==== Collected material
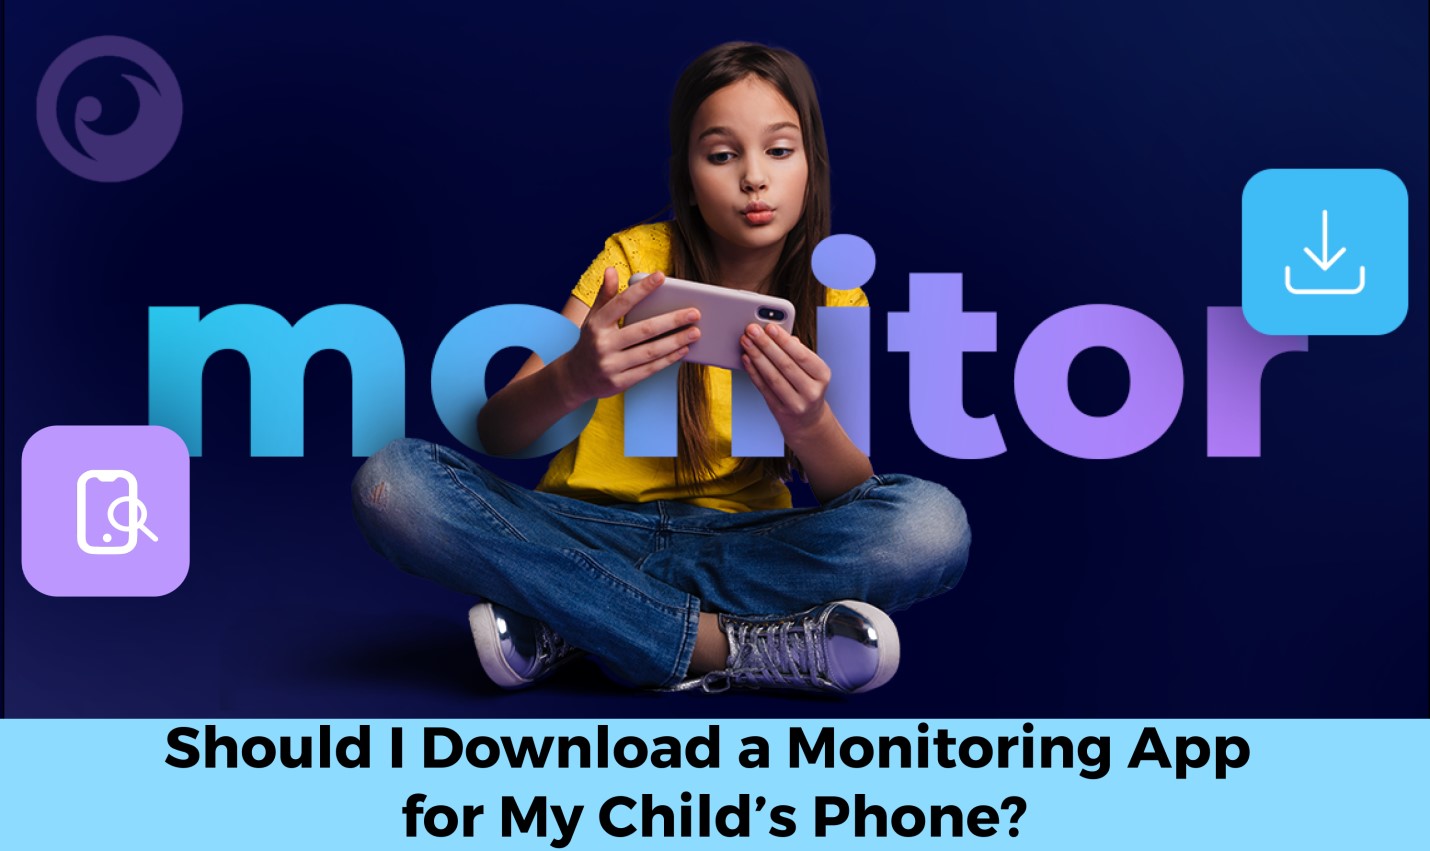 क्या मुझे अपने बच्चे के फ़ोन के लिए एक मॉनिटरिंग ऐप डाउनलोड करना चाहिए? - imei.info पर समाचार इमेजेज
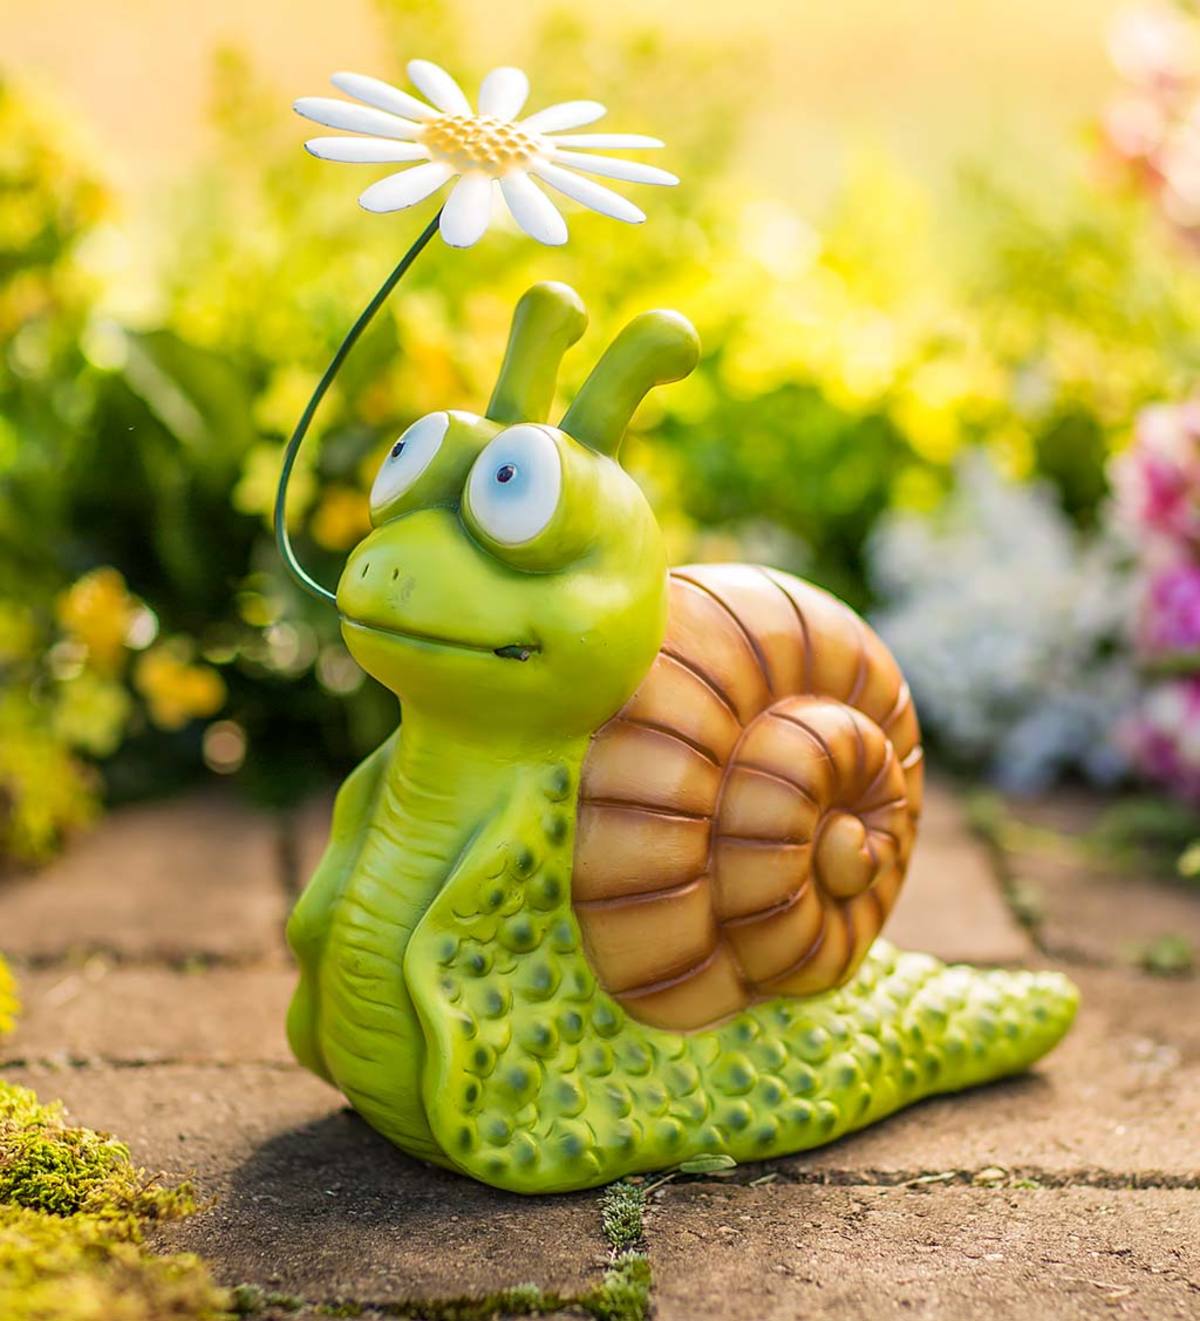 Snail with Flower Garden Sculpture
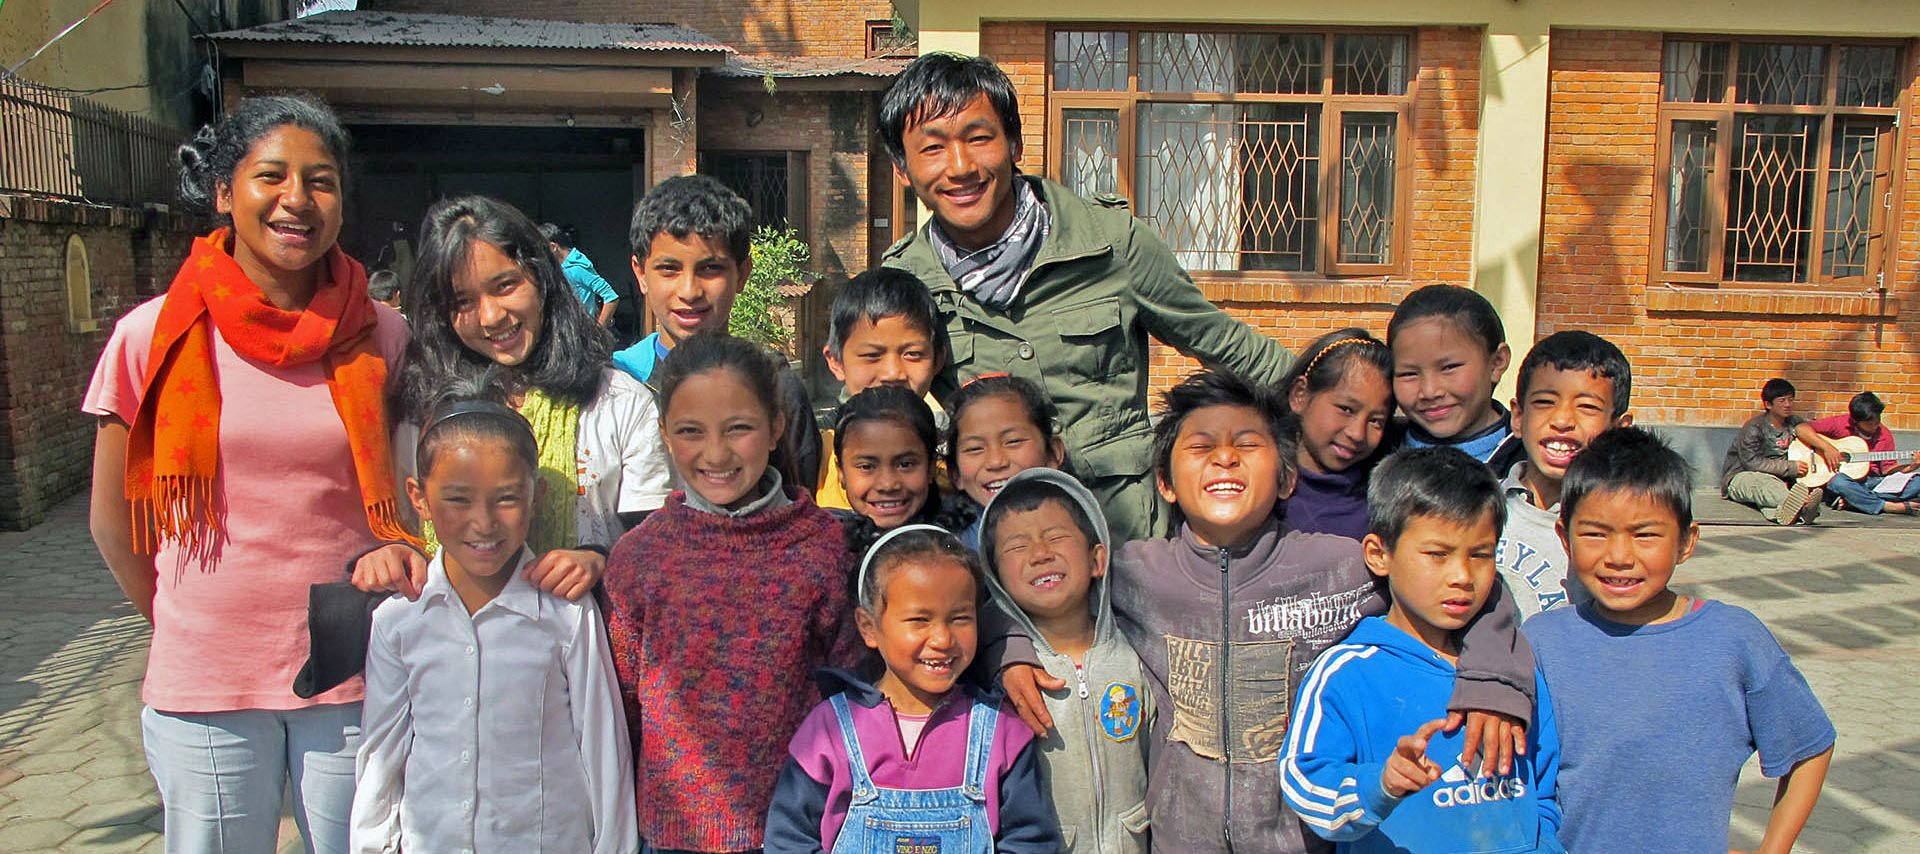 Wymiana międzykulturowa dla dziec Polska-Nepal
========
_What is required_:
Please set down the data above exactly as given, leaving every picture out.

_Problem solution_:
 क्या मुझे अपने बच्चे के फ़ोन के लिए एक मॉनिटरिंग ऐप डाउनलोड करना चाहिए? - imei.info पर समाचार इमेजेज
 Snail with Flower Garden Sculpture
 Wymiana międzykulturowa dla dziec Polska-Nepal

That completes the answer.